The recent events of the major wildfire tragedies have brought out the Ideologue boys in pimping Control or Prescribed Burn philosophies which are nothing more than Government looking like they are doing something good in the eyes of their citizens, despite the evidence that Nature doesn't work this way. Hence, justification for prescribed burns are said to be necessary because the Native Americans did it. Or the flawed argument that chaparral needs a regular healthy burn because it can't germinate without it. Both these flawed reasonings are parroted by countless ignorant citizens on all manner of discussion boards because they are conditioned to letting the Authorities do their Natural World thinking and research for them as opposed to actually getting off backsides out and out into the field and finding out for themselves.
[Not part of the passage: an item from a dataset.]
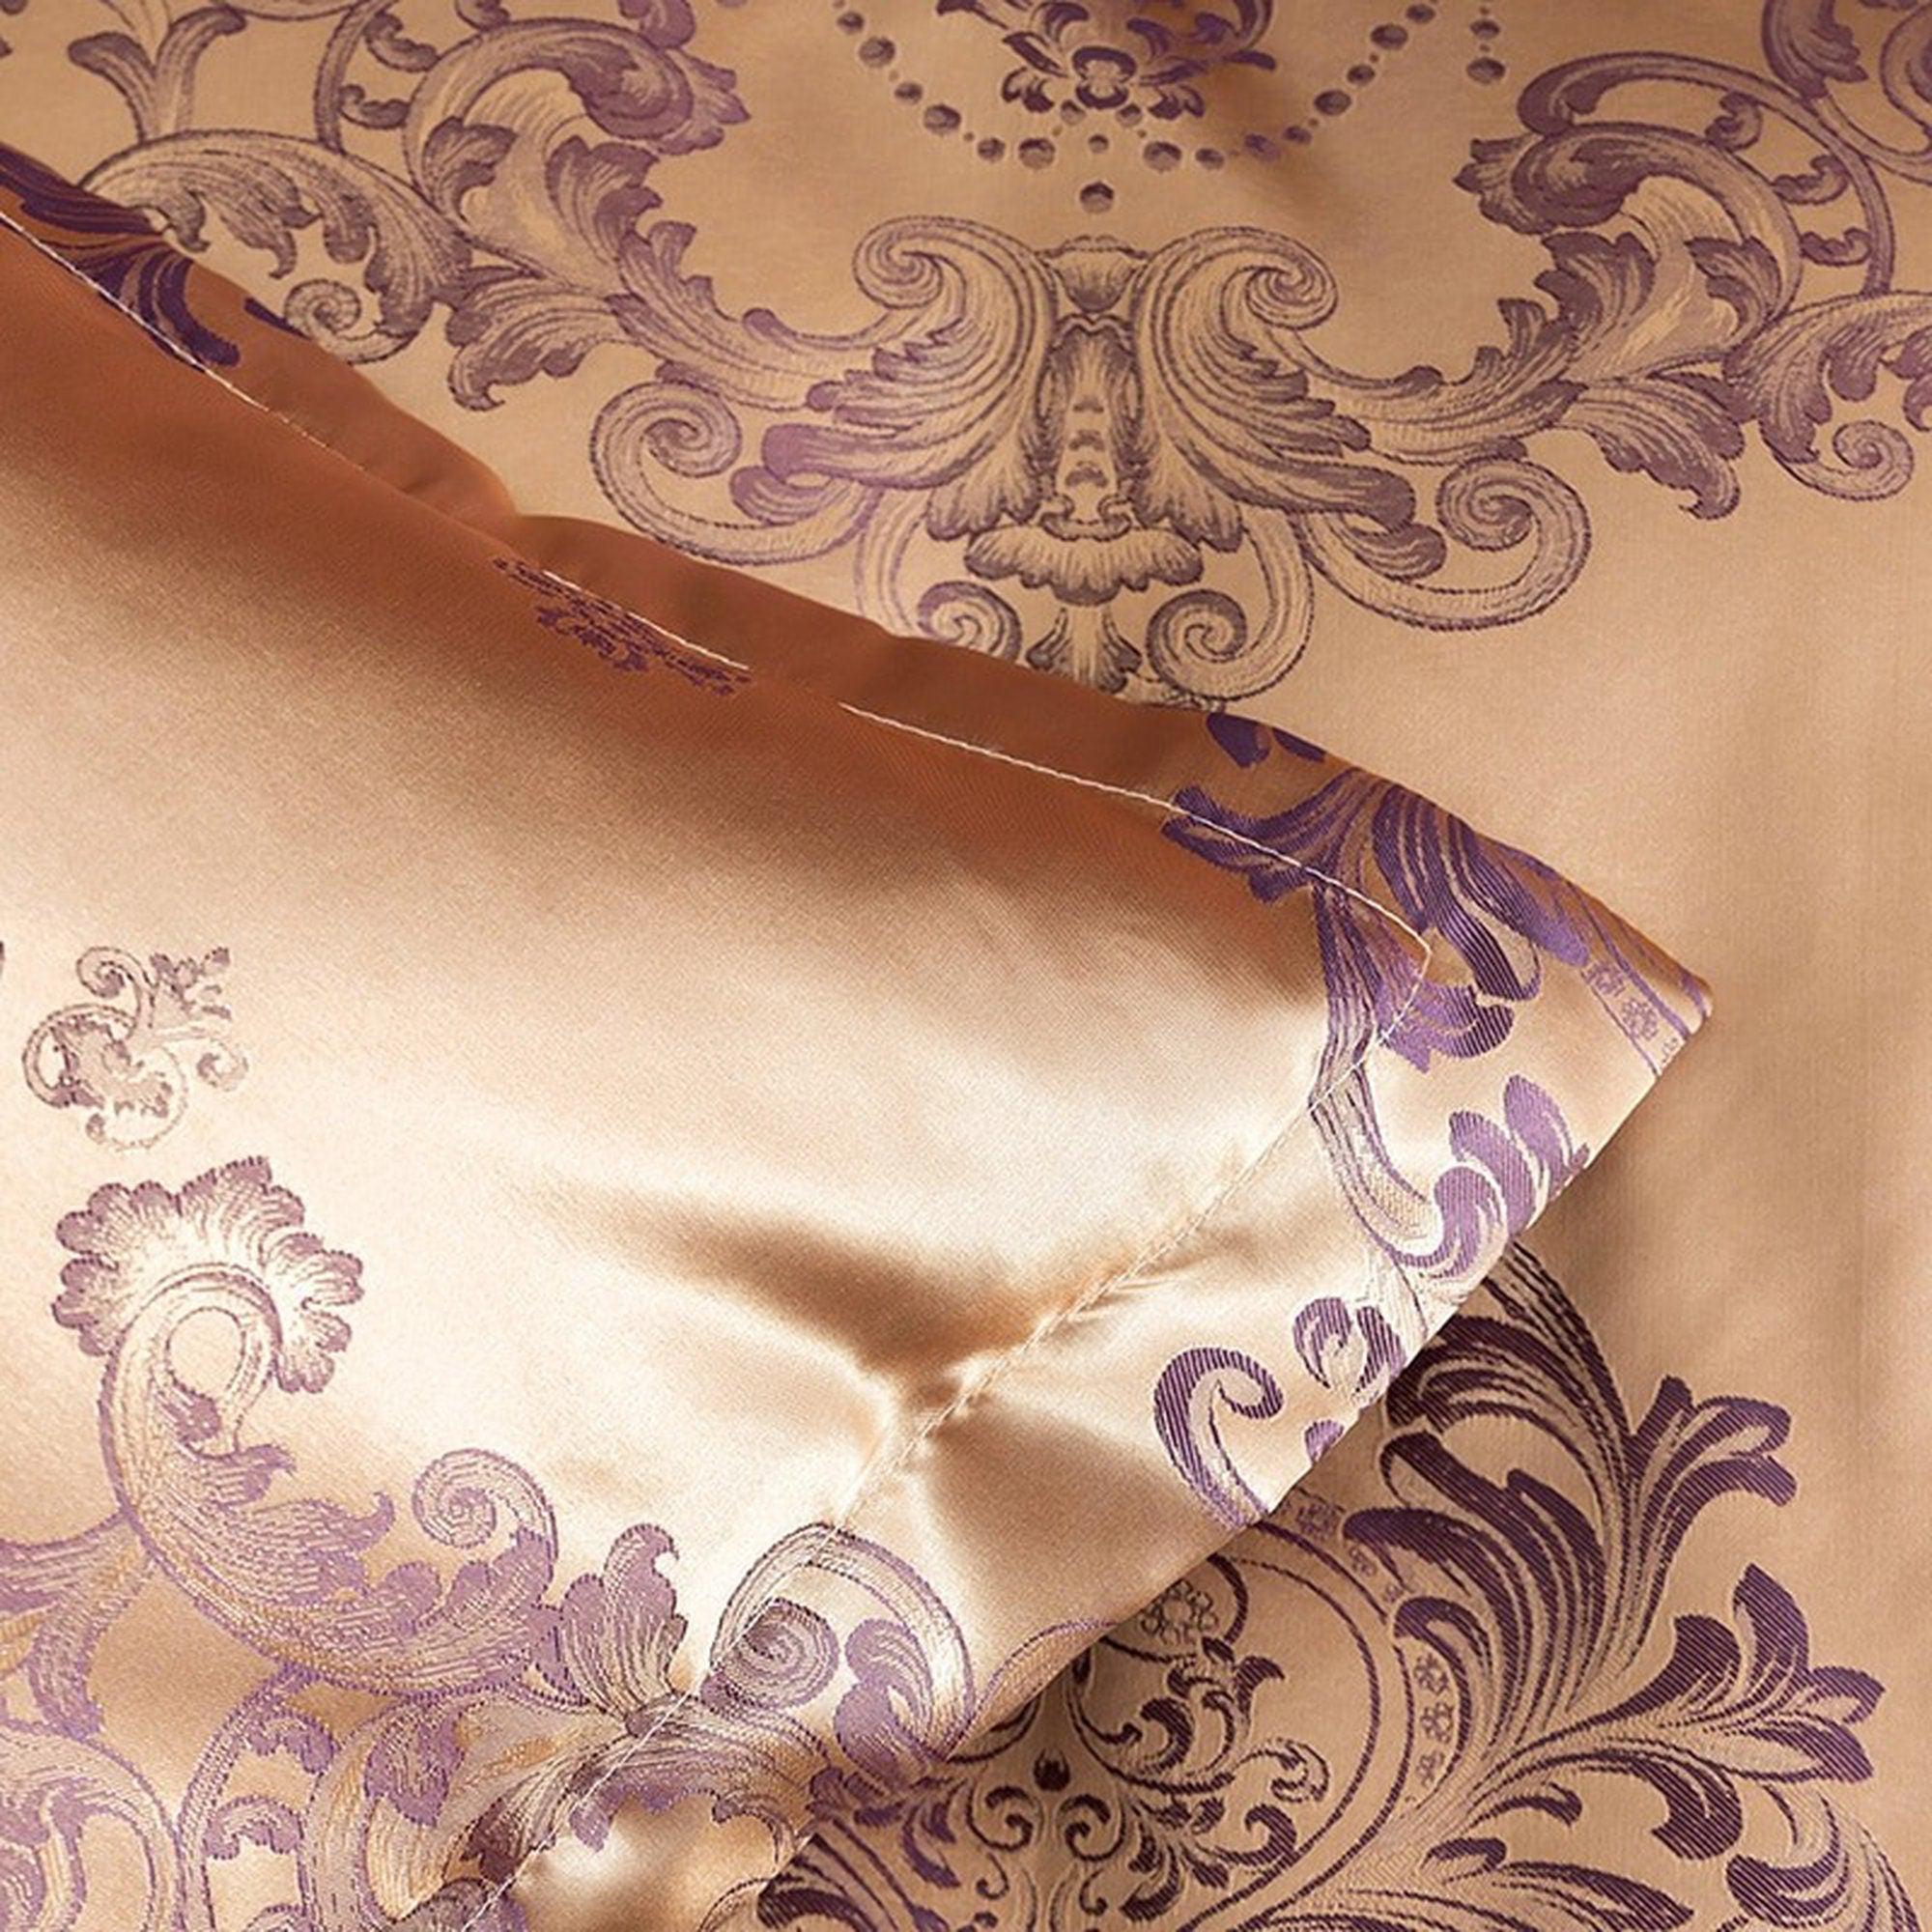 daintyduvet Luxury Rose Gold Pink Bedding made with Silky Jacquard Fabric, Damask Duvet Cover Set, Designer Bedding, Aesthetic Duvet King Queen Full
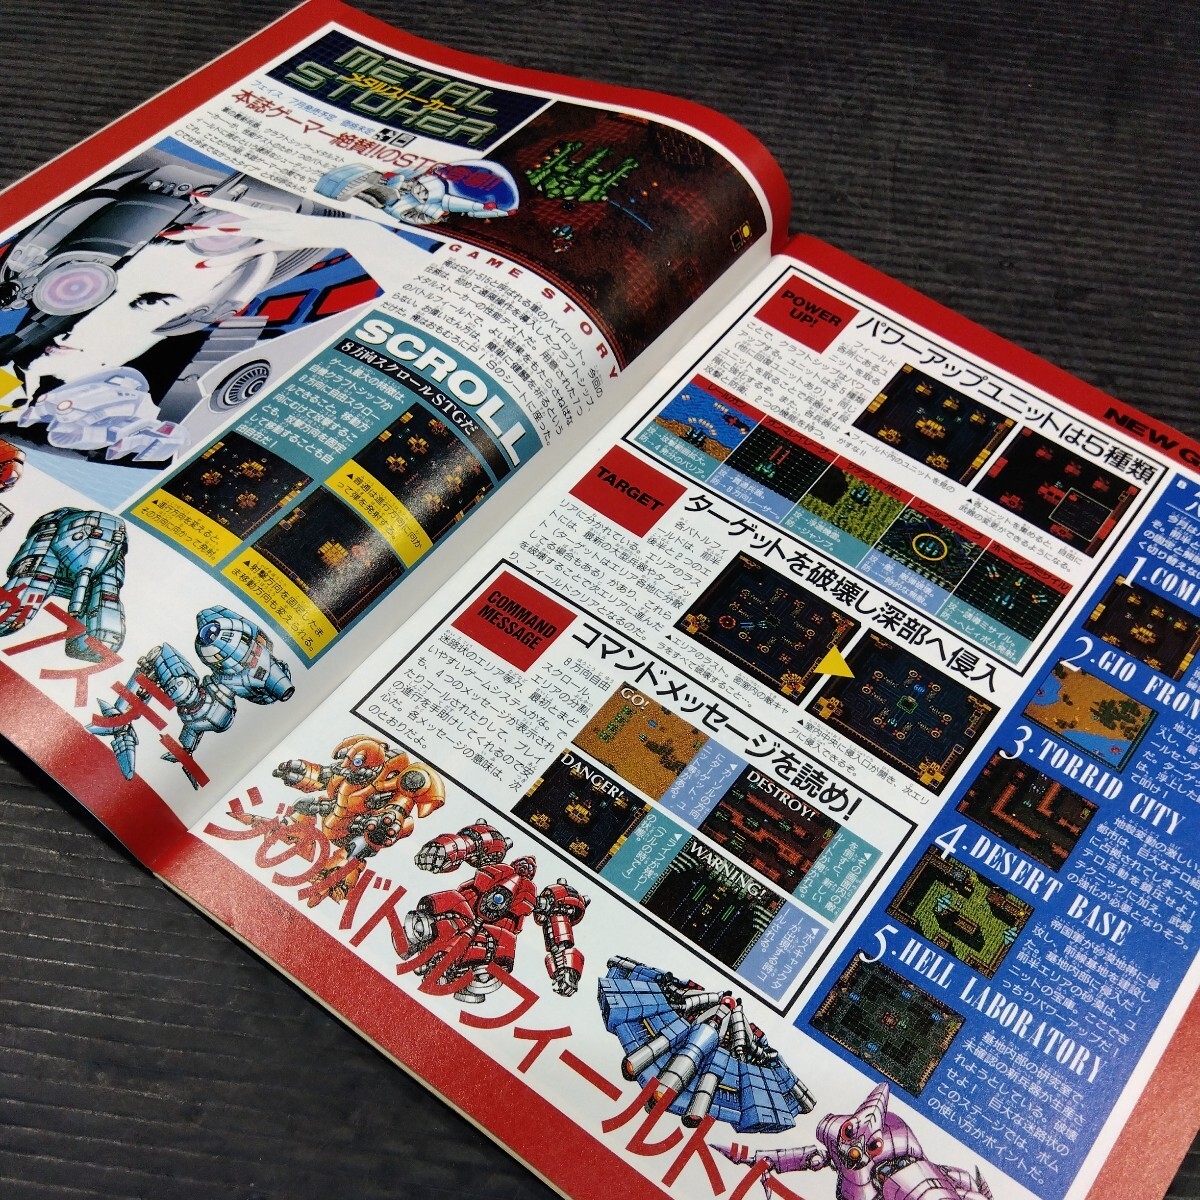 PCエンジン歴史書 1991年7月号 別冊付録付 月刊PCエンジン 雑誌 CD-ROM2 ゲーム 解説 攻略 PC原人2 ソーサリアン F1サーカス'91の画像5

Such strategy by Authorities is nothing new. When Christendom ruled europe for Centuries with an iron fist this was done very effectively for Centuries by indoctrinating parishioners not to question their Authority. So it should not come as a surprise when today's Secular Authorities employ the same information control tactic. You've heard the expression, "If it's not broken why fix it" ? Rulership never changes, just the change of garb. Especially with this latest "Mountain fire" in the San Jacinto Mountains above Palm Springs California have many well known ignorant statements been made by people promoting themselves as the infallible authority. Two main ones come to mind. Recent comments by supposed Fire Ecologist Richard Minnich who says old growth vegetation is a bad thing[see Chaparral Insitute's commentary below] and Politician Harry Reed who had this to say below:
"Reid said the government should be spending “a lot more” on fire prevention, echoing elected officials who say the Forest Service should move more aggressively to remove brush and undergrowth that turn small fires into huge ones."
|Image - Mine|
Cuyamaca Cypress & it's
Chamise Nurse Plant
"The gullible believe anything they’re told; the prudent sift and weigh every word. Foolish dreamers live in a world of illusion; wise realists plant their feet on the ground."